# Spit



## Gumby (May 20, 2010)

removed


----------



## Crash_Tomas (May 21, 2010)

Wow. I Absolutely loved this, haha.

Kind of true, in my opinion. The tone was well done. I'd say more, but I really don't know that much about poetry, haha. Good job~


----------



## JosephB (May 21, 2010)

Good word choices, Gumby. Very precise. Especially here:



> Embryonic  glaciers
> grow slowly, inexorably
> in frigid climates,
> splitting
> ...


That's my kind of poetry.

To me it's maybe about a subtle form of verbal abuse -- although abuse may be too strong a word. Could be wrong -- and it wouldn't be the first time. Can't say I relate to it personally, but if I'm on the right track, I see it quite a bit. I'm around a lot of other parents these days. Nice work.


----------



## Chesters Daughter (May 21, 2010)

Yet again, dear Cindy, you carry an extended metaphor effortlessly. Your ability in that area is undeniable and awe inspiring. If a father so desperately needs a mirror, he should drag his ass to Home Depot. This type of abuse occurs far too frequently and usually goes undetected as the wounds it leaves are invisible to the naked eye. I've seen it firsthand being perpetrated by a friend's father, not pretty. You did a stupendous job with the breaks, emphasis is in just the right places. Excellent work, love.


----------



## SilverMoon (May 21, 2010)

Cindy, like Joe, I read this as verbal abuse.

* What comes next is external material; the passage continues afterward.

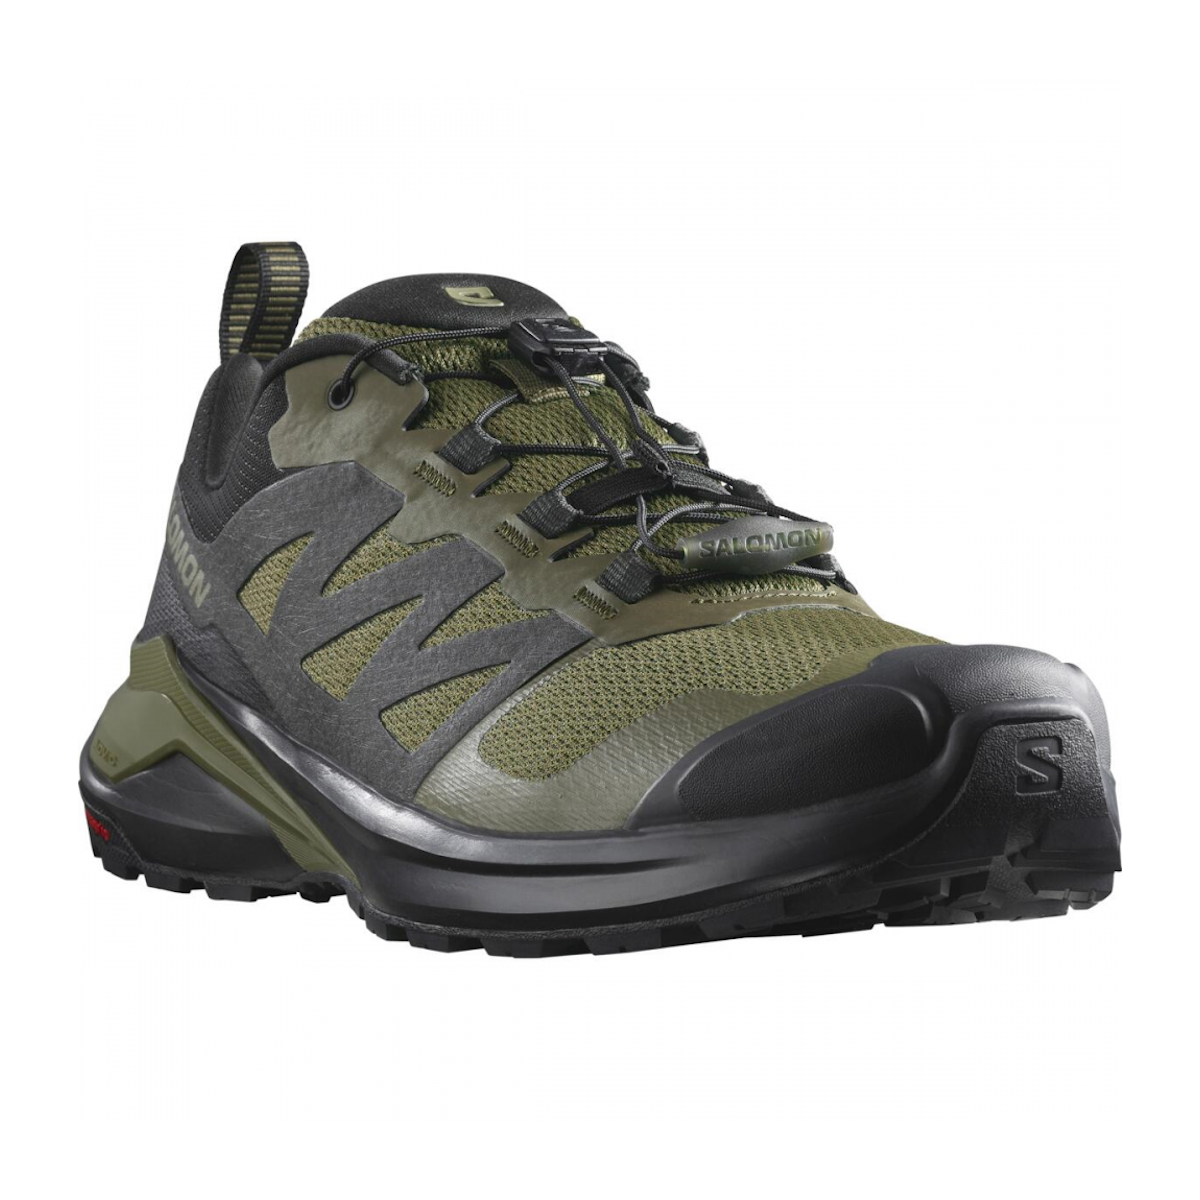 SALOMON X ADVENTURE trail running shoes - green/black

_by the edge of dad's tongue_



> And, polished to a brilliant shine
> by the edge of dad's tongue
> has it's advantages;
> one can be almost invisible,
> if all you do is reflect.


 
and you never see the scars...poignant poem. Laurie


----------



## Gumby (May 21, 2010)

Thanks Crash, glad you enjoyed. 

Joe, you are definitely on the right track here. This is such an old story between father's and son's. I, too, have seen it played out over and over throughout my life.  Thank you. 

Lisa, thank you dear. I know you preferred the original to this one, so I'm glad this one works for you too. I value your opinion greatly.

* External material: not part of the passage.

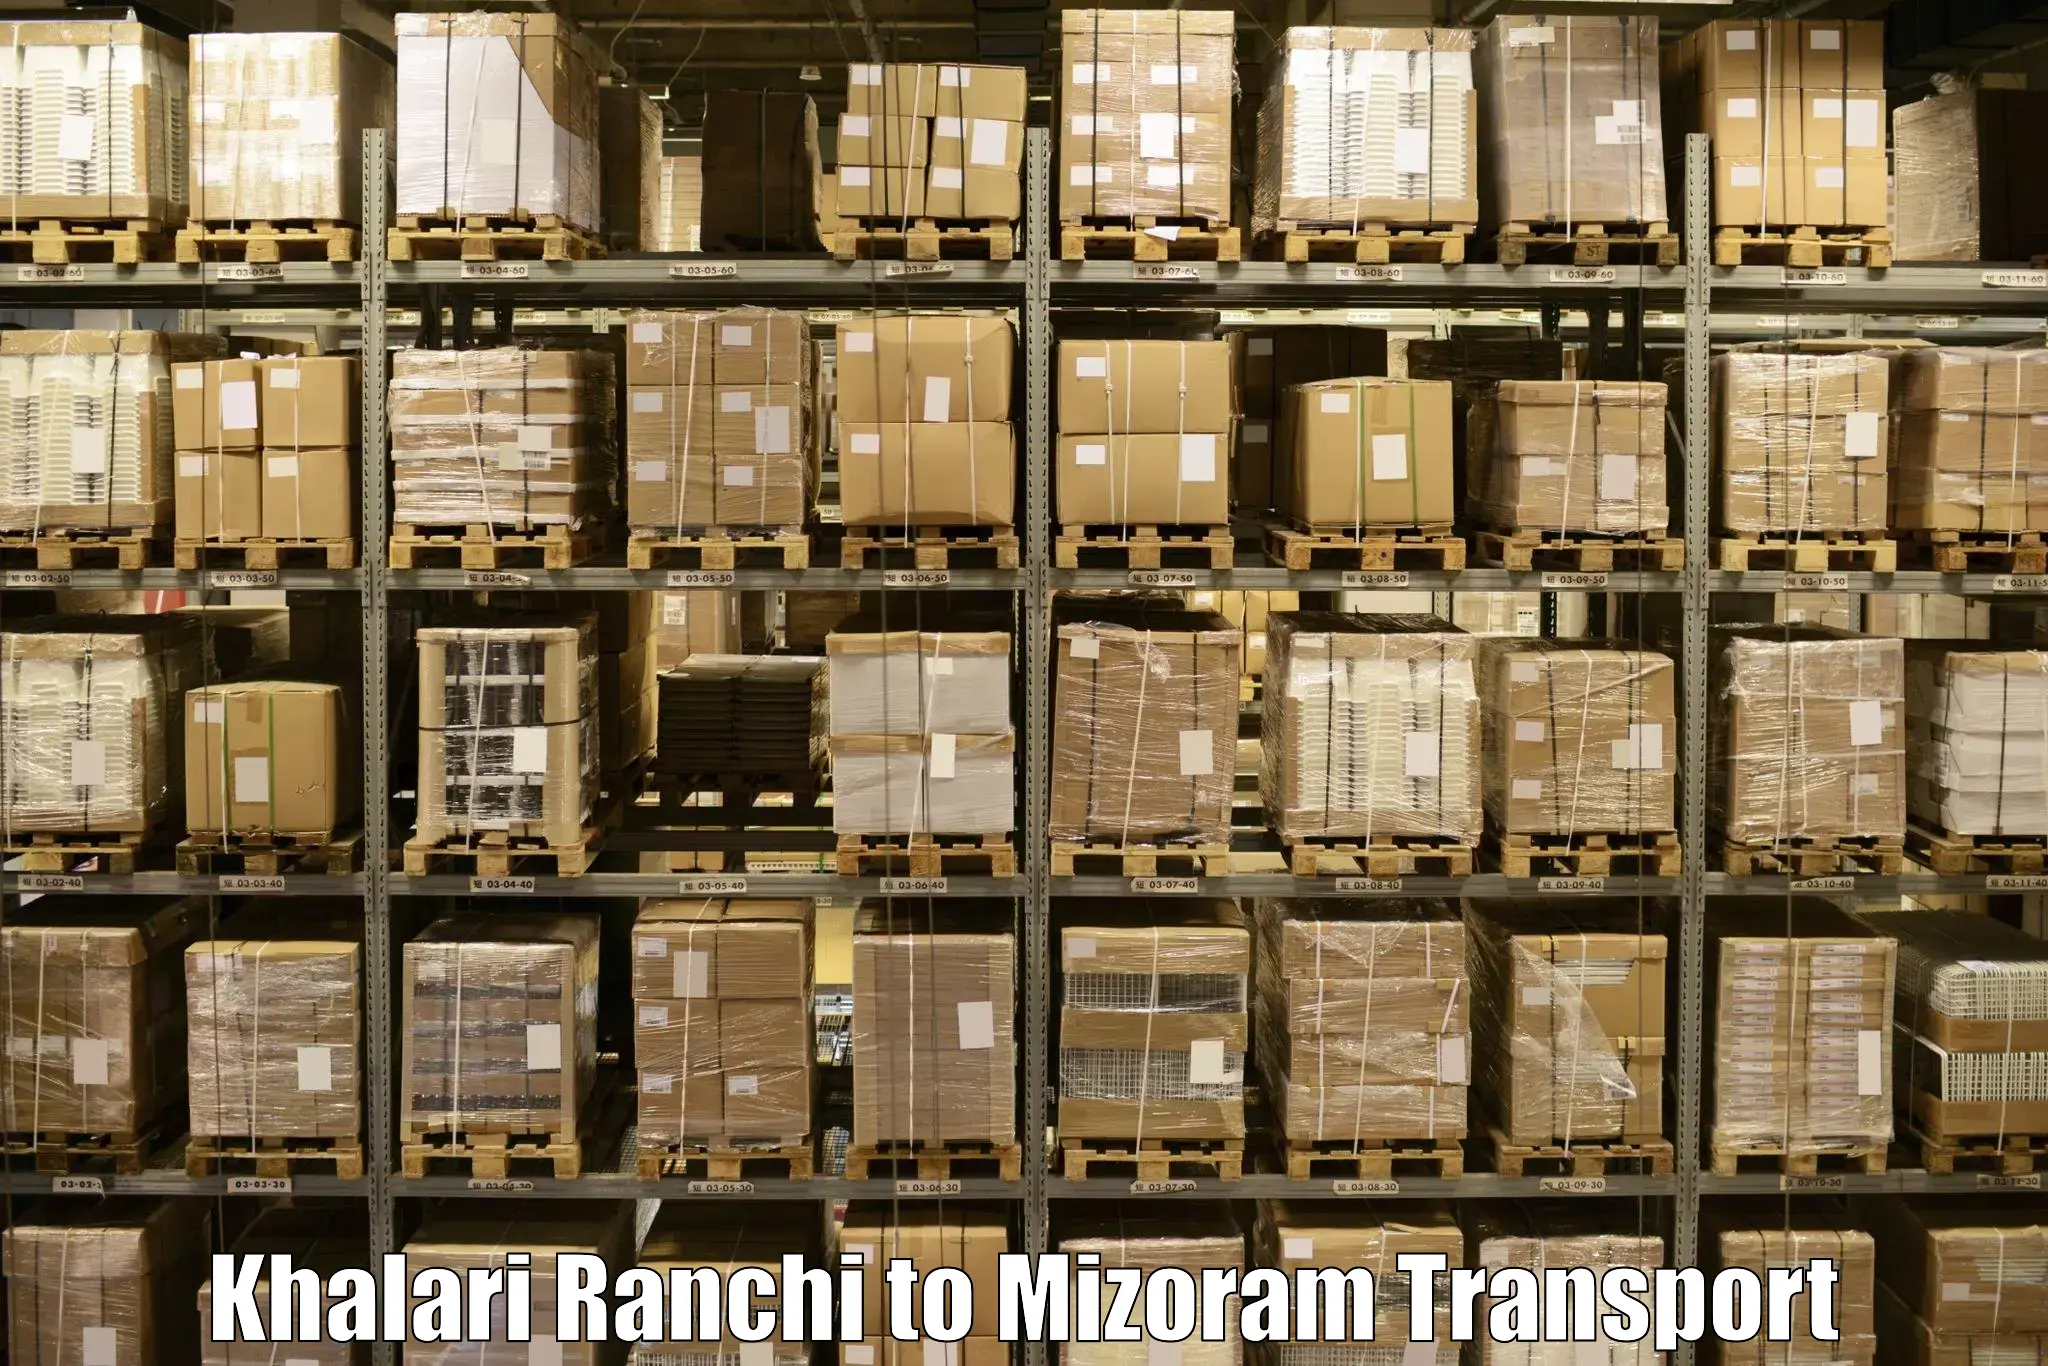 Commercial transport service Khalari Ranchi to Thenzawl

Laurie, you are exactly right with the verbal abuse. So much damage can be done to a person's soul with harsh words, children especially. I know you understand this concept and put a gentle tone to your words, always. Thank you!


----------



## vangoghsear (May 21, 2010)

Your metaphor of the rock is wonderfully employed here.  Very nice job.  



> Embryonic  glaciers
> grow slowly, inexorably
> in frigid climates,
> splitting
> ...



Good word choices for the piece as well.


----------



## MaggieG (May 21, 2010)

This word 





> inexorably


 is still making nuts no matter how many times I read it. lol 

and this ? 



> And, polished to a brilliant shine
> by the edge of dad's tongue



makes me envious as hell that I didn't write it . It is bloody brilliant ! 

One of the best pieces I have read in a while


----------



## J.R. MacLean (May 23, 2010)

Gumby

This is a thoughtful and insightful piece, with clever and precise development of the theme. I would like it better, however, without the last two lines which for me undercuts the thrust of compassionate ruefulness with a rather patronizing generalization. The sentence structure of the penultimate stanza is awkward compared to the rest of the piece. 

'and being polished to a brilliant shine'
or
Being polished to a brilliant shine'

would, I think, read better.

Its been a while since I've read you; you've made (imho) noticeable strides in a good direction.


----------



## Gumby (May 23, 2010)

Van, I'm glad the metaphor worked for you, I'm not always sure if the ones I choose will come across. Thank you!

Maggie, sorry to be driving you nuts with one little word! They really are powerful, aren't they? lol    Seriously, that word seemed to be the only one that would express what I wanted in that spot.  Thank you so much for your read and comments. 


Thank you J.R. for your read and advice, I know when I see your name, it will be good!  I've added the word being and agree it flows smoother. Thank you for that.  I debated on whether to add that last line or not when I wrote the poem. I opted to put it in, but see now that maybe I shouldn't have. I thought it might be a little too telly, never thought about it being kind of patronizing. Hmmm. You've given me food for thought as always, J.R. Thank you so much!


----------